For our 2022 iGEM project, we developed a synthetic biomedical tattoo using engineered cells that would monitor the rising glucocorticoid level induced by chronic stress and respond accordingly with a visible output. For this purpose, we engineered a novel synthetic transcriptional factor that could translocate from the cytosol into the nucleus upon glucocorticoid stimulation and initiate reporter gene transcription. We confirmed that the cells carrying this synthetic transcriptional factor and its corresponding reporter cassette could respond dose-dependently to glucocorticoid stimulation. We also showed that the transgenic tdTomato or tyrosinase expression under the control of such a glucocorticoid-responsive circuit could generate either fluorescent or colorimetric signals detectable by the naked eye. The response and production would be achieved by different modules, including LBD of NR3C1, tetR/tetO, tdTomato, tyrosinase, etc. Putting safety first, we considered the safety issues as follows:
1. E.coli was used to perform molecular cloning. The stbl3 strain we use has not been reported to cause disease in immunocompetent adult humans consistently, and it does present a minimal potential hazard to laboratory personnel and the environment.
2. HEK293T cells were used to demonstrate the feasibility and efficiency of the newly constructed plasmid. 293T cells derive from 293cells and are embedded with gene E1A of adenovirus. Though adenovirus could lead to diseases people, the 293T cells are entirely safe. And they are unable to survive when they escape from the lab.

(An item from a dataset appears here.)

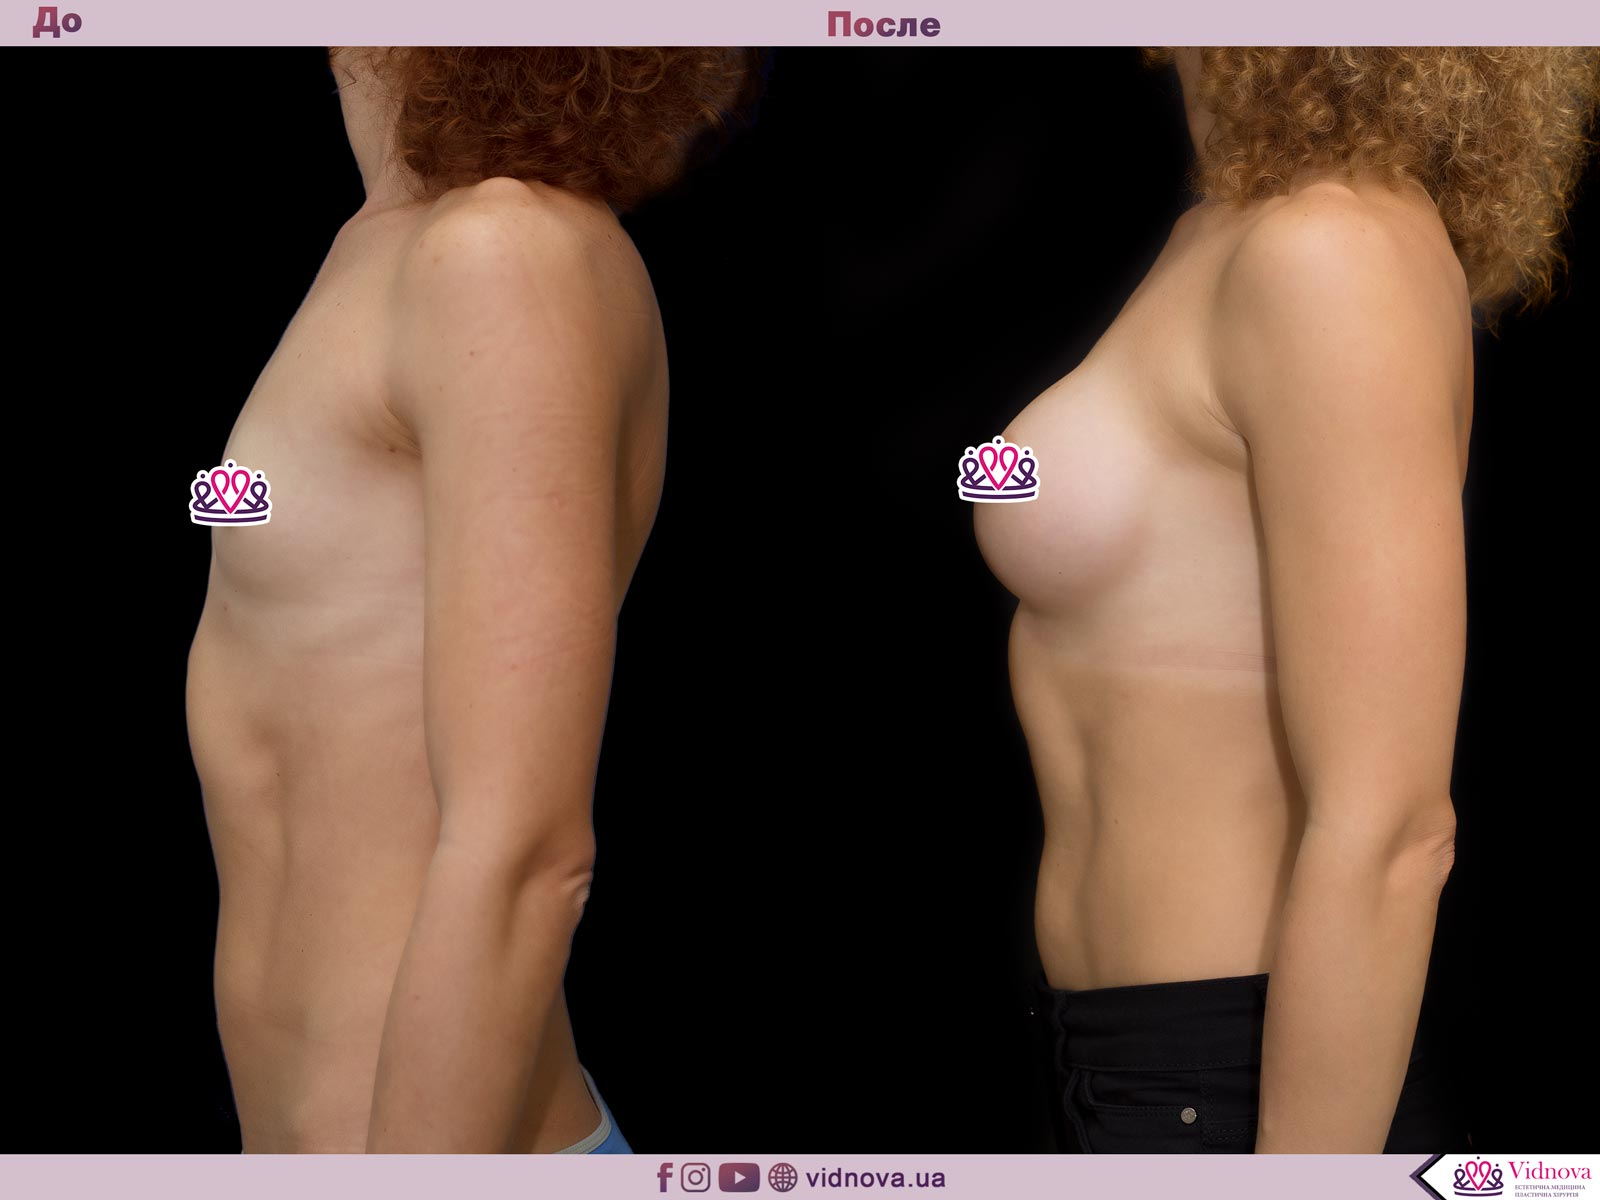 Увеличение груди: Фото ДО и ПОСЛЕ - Пример №42-3 - Клиника Vidnova

3. All genes cloned into pcDNA3.1 are non-conjugative, preventing the horizontal transfer of our parts. We use CMV as promoter, which guarantees that our bacteria won’t produce large amounts of gene products if we do not induce the expression.
4. All the parts we use are guaranteed to be safe for humans and won’t cause any biological pollution to the environment.
5. We plan to use microencapsulation technology to embed engineered cells to prevent cells from leaking from the injection site and causing harm to the human body.
Although E.coli stbl3 strains might present a minimal potential hazard to laboratory personnel and the environment by spreading resistant genes to the public, it does present a minimal potential hazard to laboratory personnel and the environment. Since most of these cells will be transformed with plasmids with resistant selection markers, if the bacterial wastes are not properly treated, they may spread the resistance genes into the environment. So limits were set to avoid this kind of pollution.
HEK-293T cells are unable to survive when they escape from the lab. However, accidentally releasing these cells into the bloodstream might cause harmful health issues. So members were careful when modifying cells.
Meanwhile, the cells we use still have the potential to divide. The ethical review of cells with the ability to divide is more stringent. We should restrict the division of engineered cells to guarantee the safety. Another factor is that we should ensure compatibility with other operations like blood draws and surgeries. More lab works need to be done to reduce risks.
1. All our operations comply with the safety regulations of the laboratory safety manual.
2. We strictly follow the guideline of the WHO lab biosafety manual and the instruction of our instructors. We are required to understand the experimental principle and method completely before the operation.
3. All our experiment members have received comprehensive lab security and safety training to ensure that we are well aware of basic safety protocols and related policies and regulations.
4. Exam should be passed before getting permission to operate in the BSL-1 lab alone. Additional training is planned specifically to obtain access to the BSL-2 lab, where we culture our mammalian cells.
5. Before we use a new machine, we will read repeated instructions to ensure we grasp proper actions. We must finish our first operation under the direction of our safety managers before we manipulate the machine by ourselves.
6. To minimize the damage caused to us by the experiment, we used a blue imager to replace the UV imager and the UV glue cutter. Also, we used non-polluting nucleic acid dyes when preparing agarose gel and agarose gel electrophoresis.
7. All wastes are sterilized with proper treatment and finally sent to qualified companies. The abandoned bacteria can only be thrown away after high temperature and high-pressure sterilization.
8. Members from our Institutional Biosafety Committee will review our research plan and support our risk management. And our laboratory safety management team is experienced and sound. We will seek our laboratory safety manager for guidance when we discover a hazard or risk in our project.